If after the movement of the Ships on these or any other occasions, they should need the assistance of the Boats of the Squadron to tow them, Signal is to be made to signify the same in the daytime, by hoisting an Union Jack at the Foretopgallantmasthead; And in the night by two Lights at the Ensign Staff and one at the Mizen Peek, as in the 4th Article preceding; But fire one Gun only, or burning one false fire, as necessary for making the Signal noticed; and according to the urgency of the occasion.
Great care is to be taken that no lights are shewn during the night, when it can be avoided, in order to deprive the Enemy of the means that will be otherwise thence afforded them for avoiding the Squadron, upon any attempt to put privately to sea; For which reason it is to be observed that I shall not shew any Top or Poop Lights during my stay in this Road, but to distinguish the Ship when having occasion to make any Night Signal.
Given in Basque Road the 15th April 1762.
N.B. The Armed Cutters will answer the Signal Lights shewn from any Ships, in case of their being seen in the night, by Lights only as directed in the Article for the Ships to know each other on that occasion.
By the Lord Viscount Howe, &c.
You are to keep His Majesty's Ship under your command in readiness to proceed immediately to the port of Plymouth as soon as you have received my dispatches to the Secretary of the Admiralty and other public Letters delivered at the same time; which you are to land there on your arrival; and having acquainted the Secretary of the Admiralty therewith, are to be governed in your further proceedings, and for the disposal of the Prisoners, (fn. 4) according to the Orders lodged for you, or as the Commanding Officer at that port shall direct.
Given under my hand in Basque Road 29th April 1762.
By Philip Durell, Esq., RearAdmiral of the Red and Commander in Chief of His Majesty's Ships and Vessels at Plymouth.
Pursuant to directions from the Right Honble the Lords Commissioners of the Admiralty, you are hereby required and directed to repair with His Majesty's Ship under your command to Portsmouth; (fn. 5) for which this shall be your Order.
Dated on board His Majesty's Ship Duke in Hamoze the 11th May 1762.
By command of the Admiral, Ph.

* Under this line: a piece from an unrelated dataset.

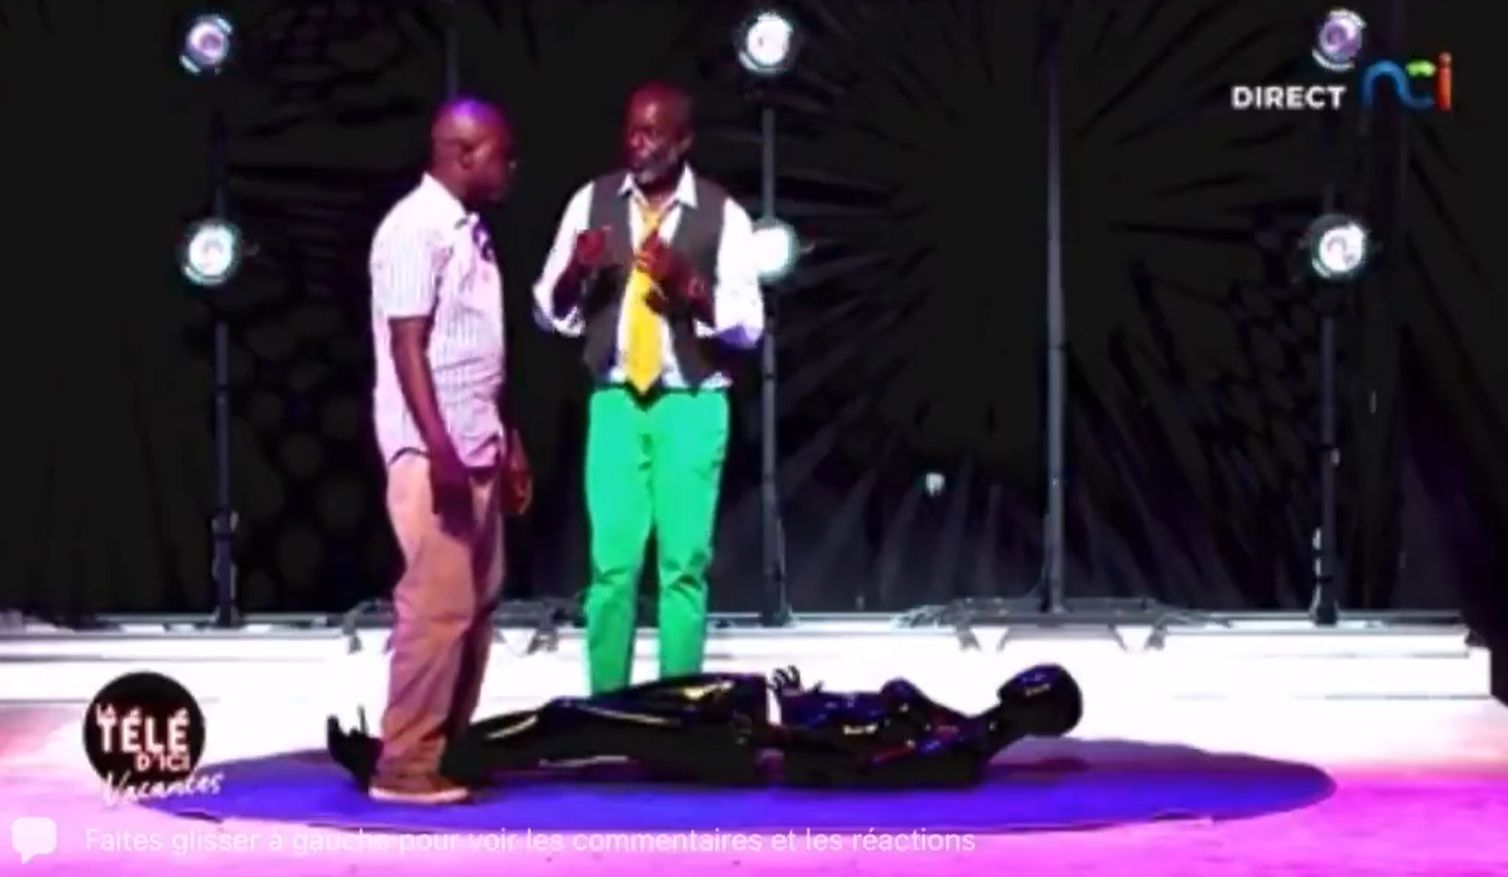 Nemi erőszakon viccelődött, felfüggesztett börtönt kapott az elefántcsontparti sztárműsorvezető

Dumaresq.
By His Royal Highness The Duke of York, &c. &c, RearAdmiral of the Blue Squadron of His Majesty's Fleet.
Pursuant to Orders from the Admiral Sir Edward Hawke, Knight of the Bath, Commander in Chief, &c. &c, You are hereby required to put yourself under my command and be governed in your future proceedings by such Directions and Instructions as you shall receive from me from time to time, in addition to those which have been delivered or you may hereafter receive from Sir Edward Hawke. For which this shall be your Warrant.
Given under my hand on board His Majesty's Ship Princess Amelia at Spithead 23rd June 1762.
By command of His Royal Highness, Chas. Brett.